Who are the Arabs? Whoever speaks Arabic. This obvious response ignores both the Arabic-speaking groups who shy away from Arab identity (Berbers, Maltese, Copts, Druze, Jews, Kurds) and non-Arabic speakers who cultivate it (Somalis, Comoro Islanders). Out of this complexity Rodinson produces an amazingly intricate definition. Arabs are those who:
- speak a variant .of Arabic and regard it as their natural language, the language they ought to speak or, if they do not speak it, nevertheless have the same estimation of it;
- regard as their patrimony the history and cultural traits of the people that has called itself and that others have called Arab, for whom one of those cultural traits has been, since the seventh century, belief in the Muslim religion (which is not limited exclusively to this people);
- (what amounts to the same thing) claim Arab identity and possess an awareness of being Arab.

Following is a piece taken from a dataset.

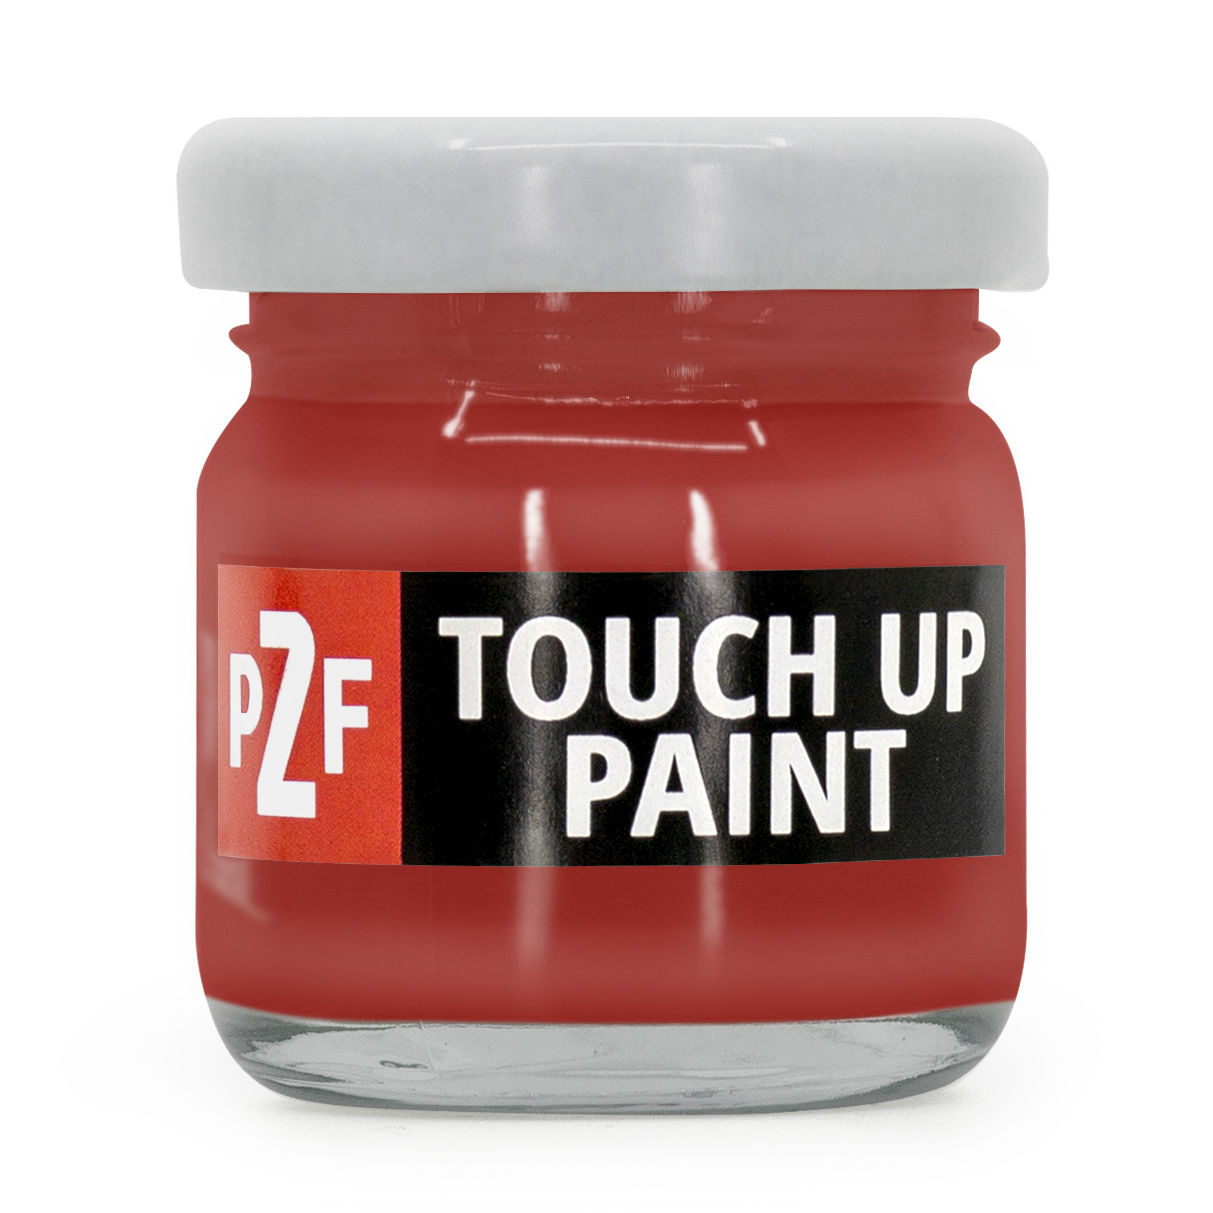 Ferrari Rosso Corsa 322 Touch Up Paint | Rosso Corsa Scratch Repair | 322 Paint Repair Kit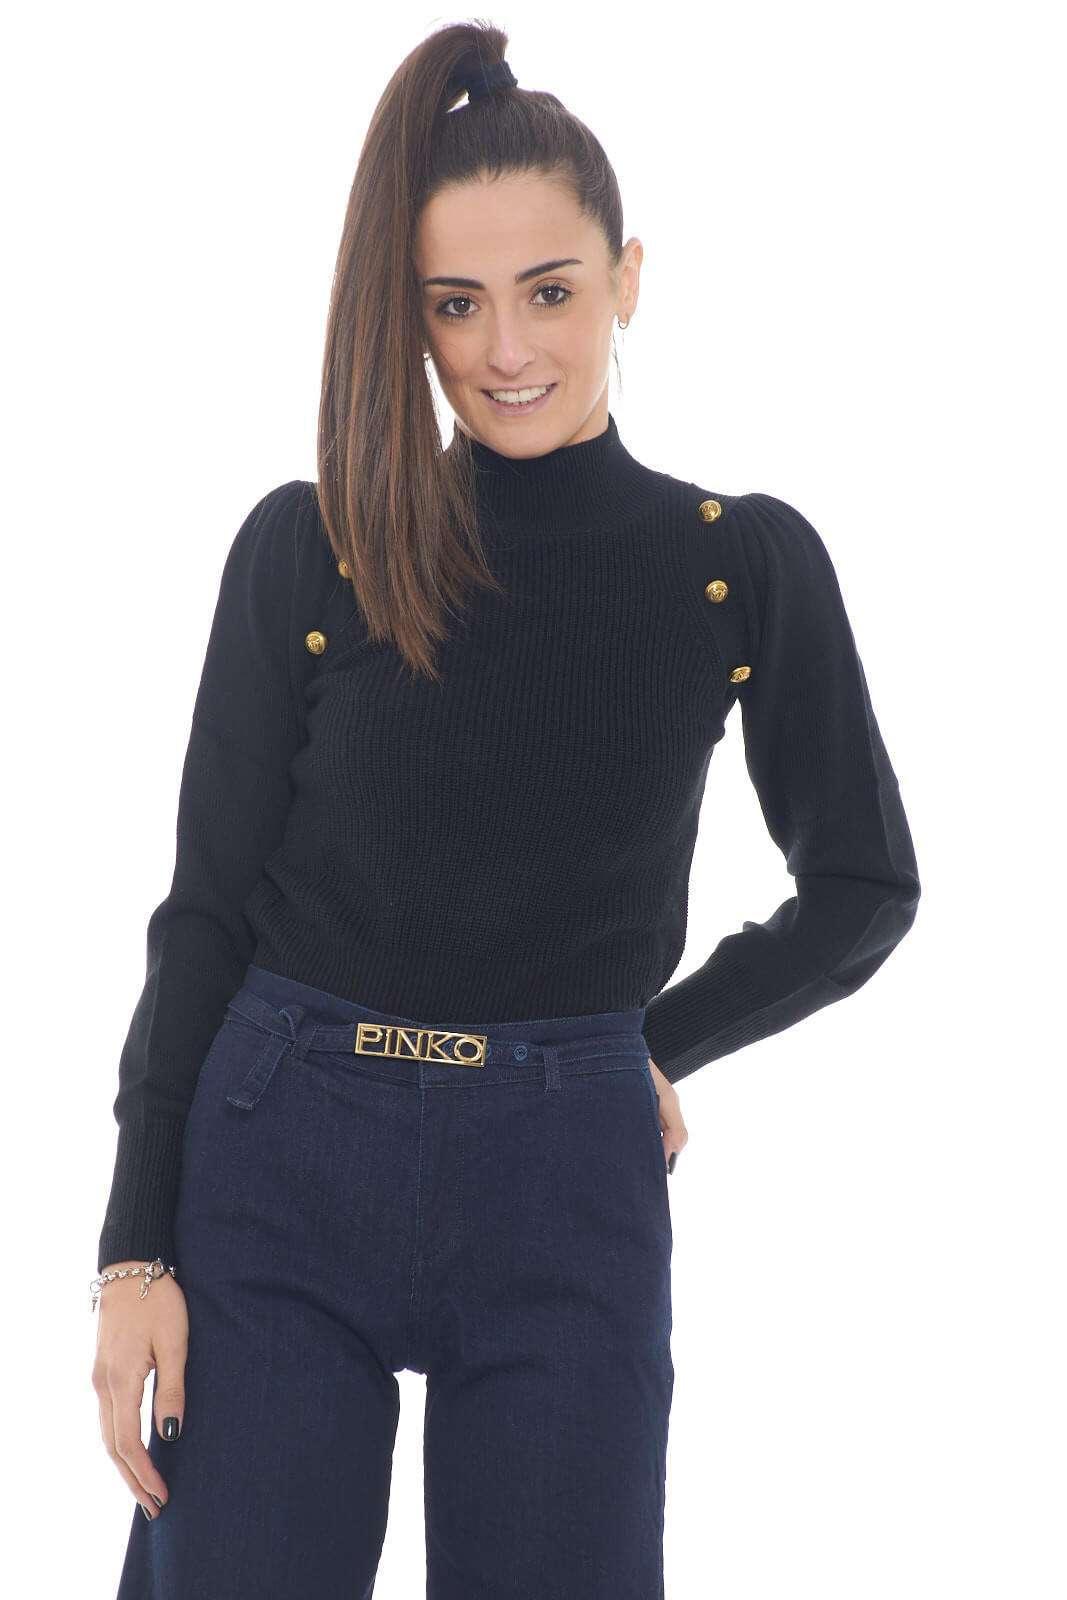 AI outlet parmax maglia donna Pinko 1G15L6 A

Rodinson's book systematically looks at Arab history, pan-Arabism, future prospects, and common elements among Arabs. The author, a leading authority at the Sorbonne, is knowledgeable and specific. His short book, though it often reads like a reference work – or physics text – contains much of interest. "Arab" probably derives from the Semitic word 'arabah, "steppe"; the earliest inscription in Arabic dates from a.d. 328, on a tombstone of a ruler who called himself "king of all the Arabs"; Maltese is a dialect of Arabic but its speakers, being Catholic, try to forget this fact. Communist parties first put forward the notion of unity among Arabs; according to UNESCO, a quarter of the "brain drain" involves Arabs.
But there is much to criticize. As the definition above shows, the style. is turgid and the translation reads too much like French. Rodinson's biases against Turks, Israel, liberalism, and the West frequently intrude on otherwise restrained prose. More serious, the central question of pan-Arabism is unaccountably neglected – how Arabs came to believe they form a single people and why they want to live under a single government. Arabic speakers never thought of themselves as a people before this century, identifying themselves by family, tribe, village, region, class, or religion, but not by language. Today no other group of sovereign states considers its divisions a moral offense. Though Rodinson traces the history of pan-Arabism, he fails to explain its origins.
Perhaps his adamant Marxism prevents him from appreciating the crucial role of Islam, which calls on its adherents to unite under a single rule and not to fight each other. While hardly ever realized, this ideal has retained a strong hold on Muslims throughout the centuries. Pan-Arabism represents a modernized, secularized. version of this ideal. The urge to unite Arab speakers. draws on the powerful emotions associated with unifying Muslims. Without a discussion of this Islamic element, Rodinson misses the most intriguing aspect of the Arab identity.